CET

Overview and new directions in the pharmacotherapy of pain

Speakers

Abstract
Chair: Patrice Forget, United Kingdom
 
Speaker: Bart Morlion, Belgium
 
Pain is a complex biopsychosocial phenomenon and involves complex interactions between biological, psychological, social, and cultural factors. Therefore, multimodal pain management mostly refers to treatment paradigm that includes not only medical technical interventions but also all necessary, non-drug interventions, psychological support, physical exercise and rehabilitation. Pharmacotherapy, including non-opioid, opioid analgesics and atypical analgesics forms one of the pillars of this multimodal approach.
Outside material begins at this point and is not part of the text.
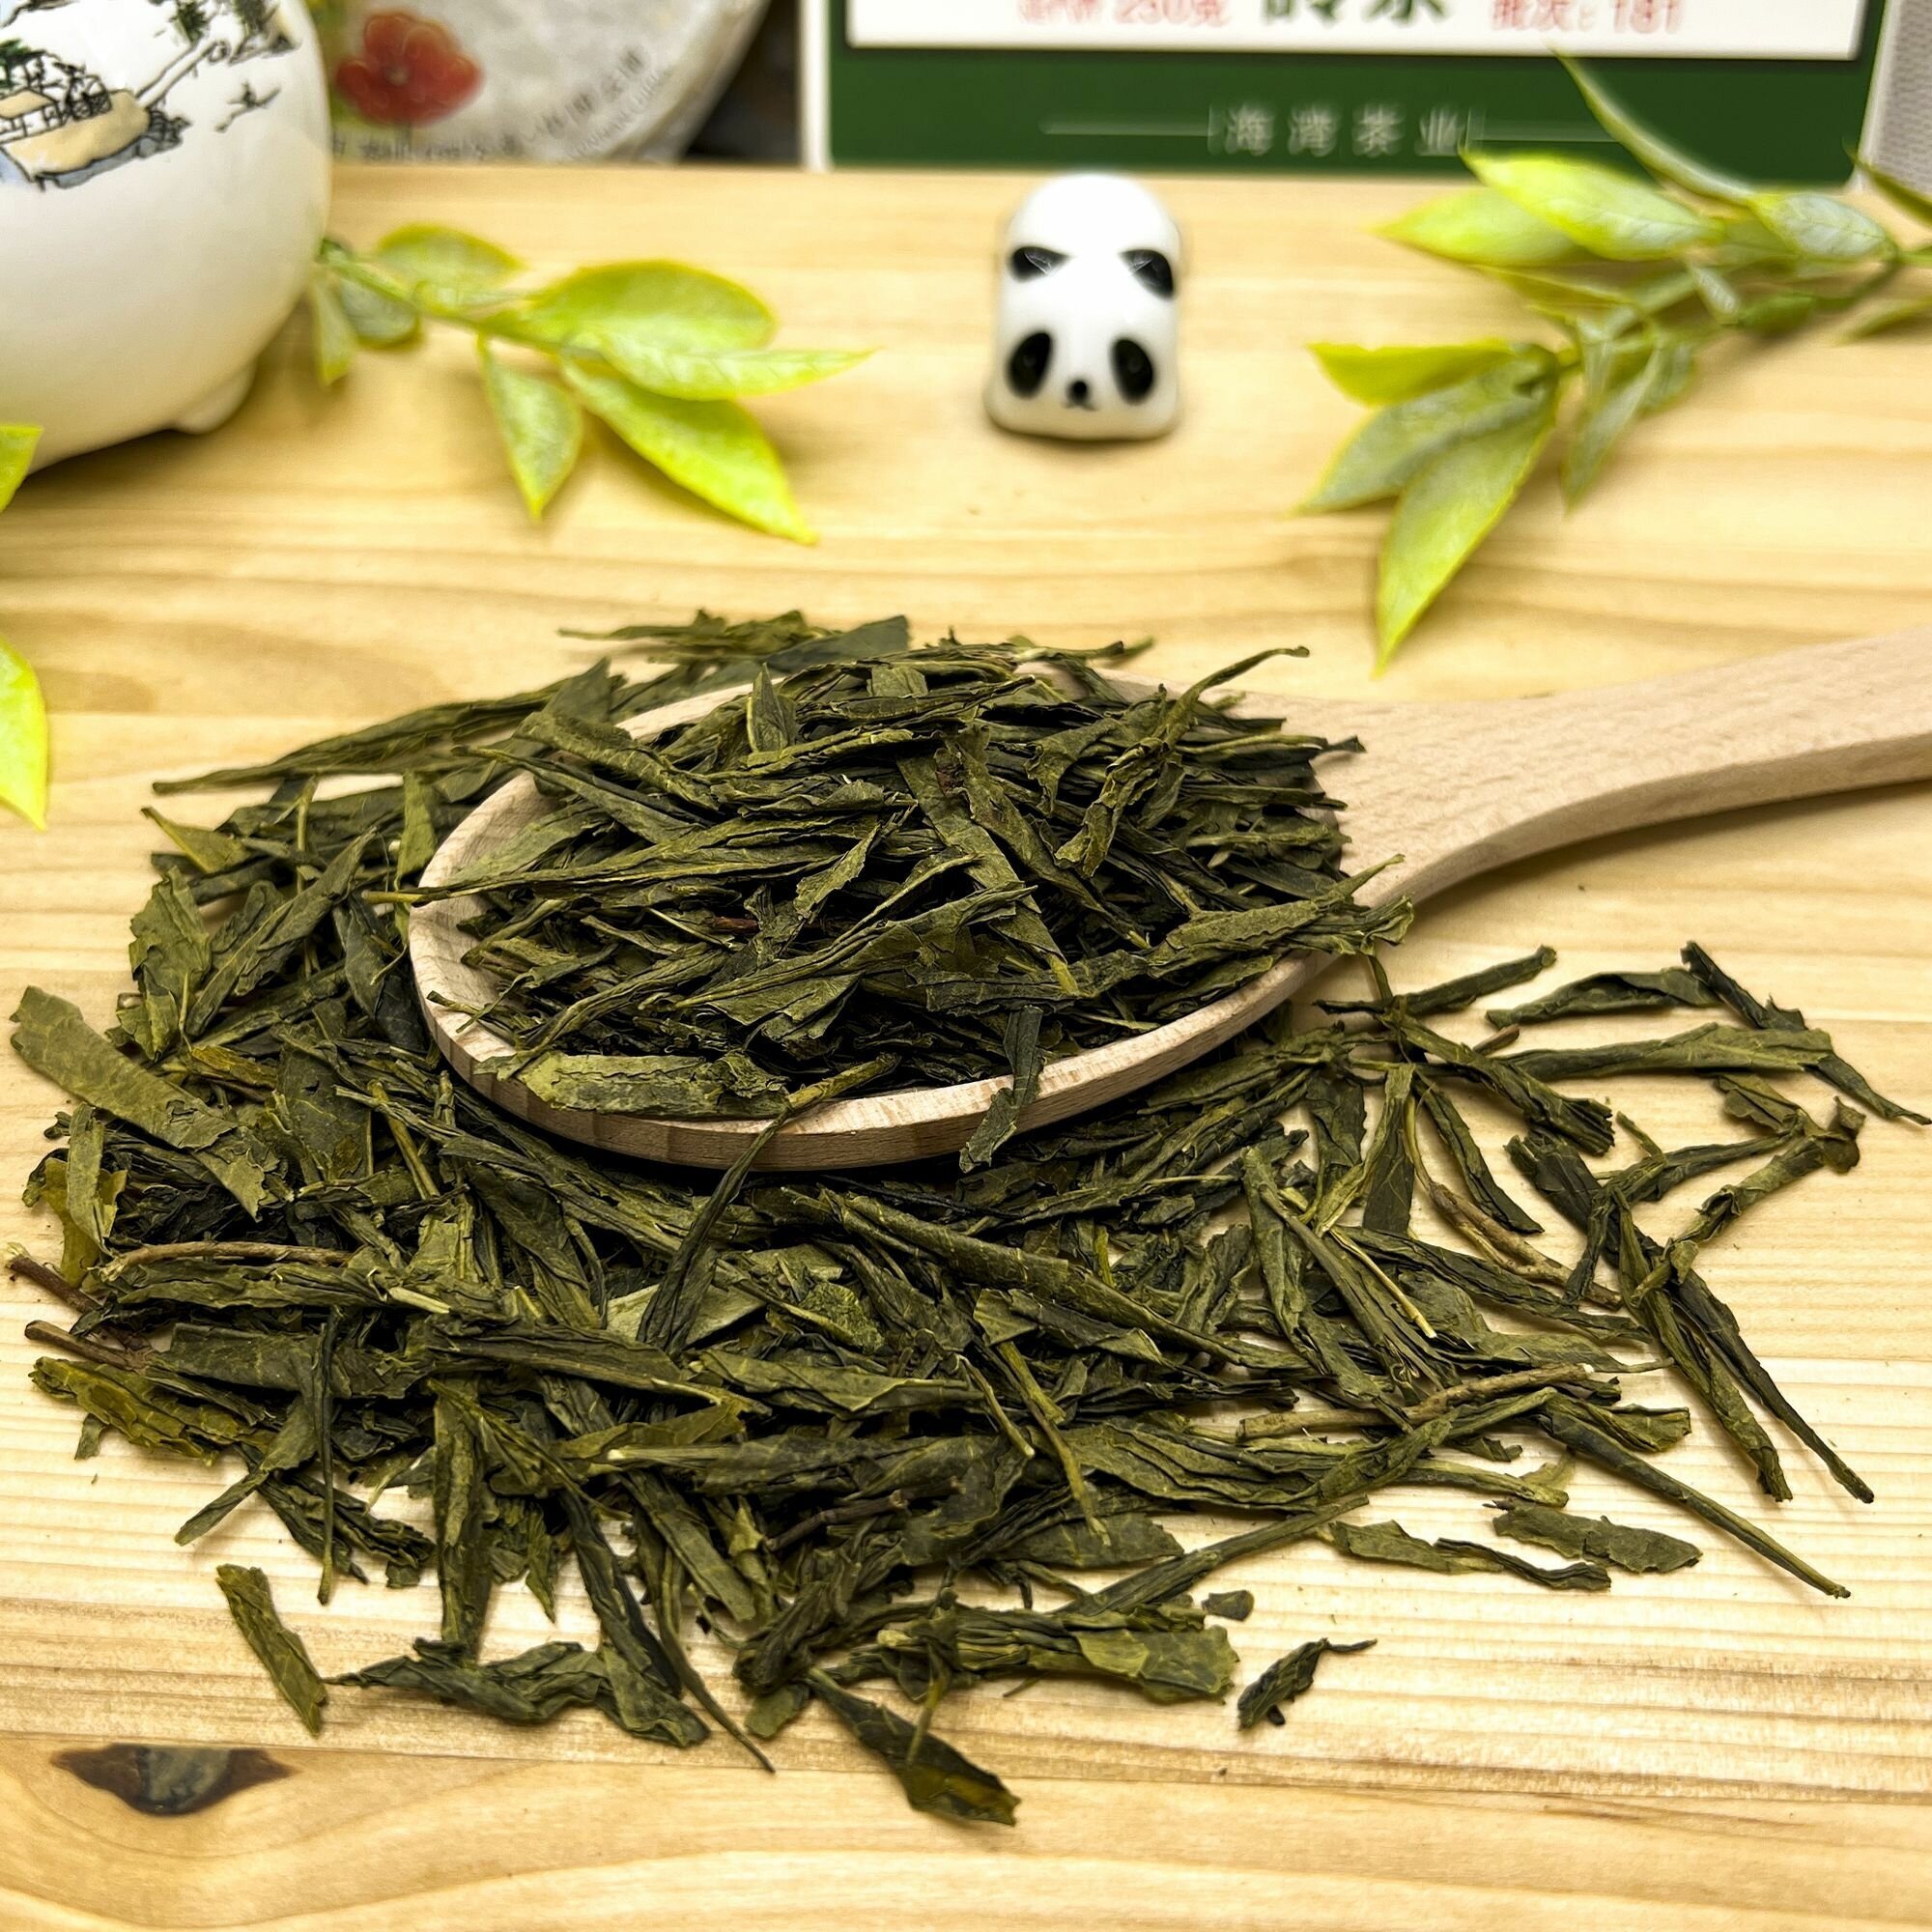 Китайский зеленый чай без добавок Сенча (кат. B) Полезный чай / HEALTHY TEA, 150 г

From the perspective of pharmacotherapy, multimodal analgesia (MMA) refers to the simultaneous use of multiple analgesic medications that work in a synergistic manner, providing pain control while mitigating the adverse effects of each individual drug due to lower dosages. A more recent goal of MMA is the opioid sparing strategy. Combining medicines with different pharmacodynamic actions will interfere with the basic processes of the nociceptive system: transduction, transmission, modulation, perception and descending inhibition. MMA involves apart from opioids a combination of paracetamol, NSAIDs, COX-2 inhibitors, NMDA antagonists, local anesthetics, dexamethasone and neuromodulators such as pregabalin and gabapentin. In general, pharmacotherapy shows good efficacy in acute pain. However, in chronic pain only low to moderate efficacy is reported. Pain specialists often prescribe drugs off-label in individual therapeutic trials. Despite the enormous progress in basis pain research and the identification of many new targets, only a disappointing translation from rodent research to the clinic was achieved over the last years. Nevertheless, some novelties will reach the market within the next two years, including the introduction of biological medicines in pain medicine.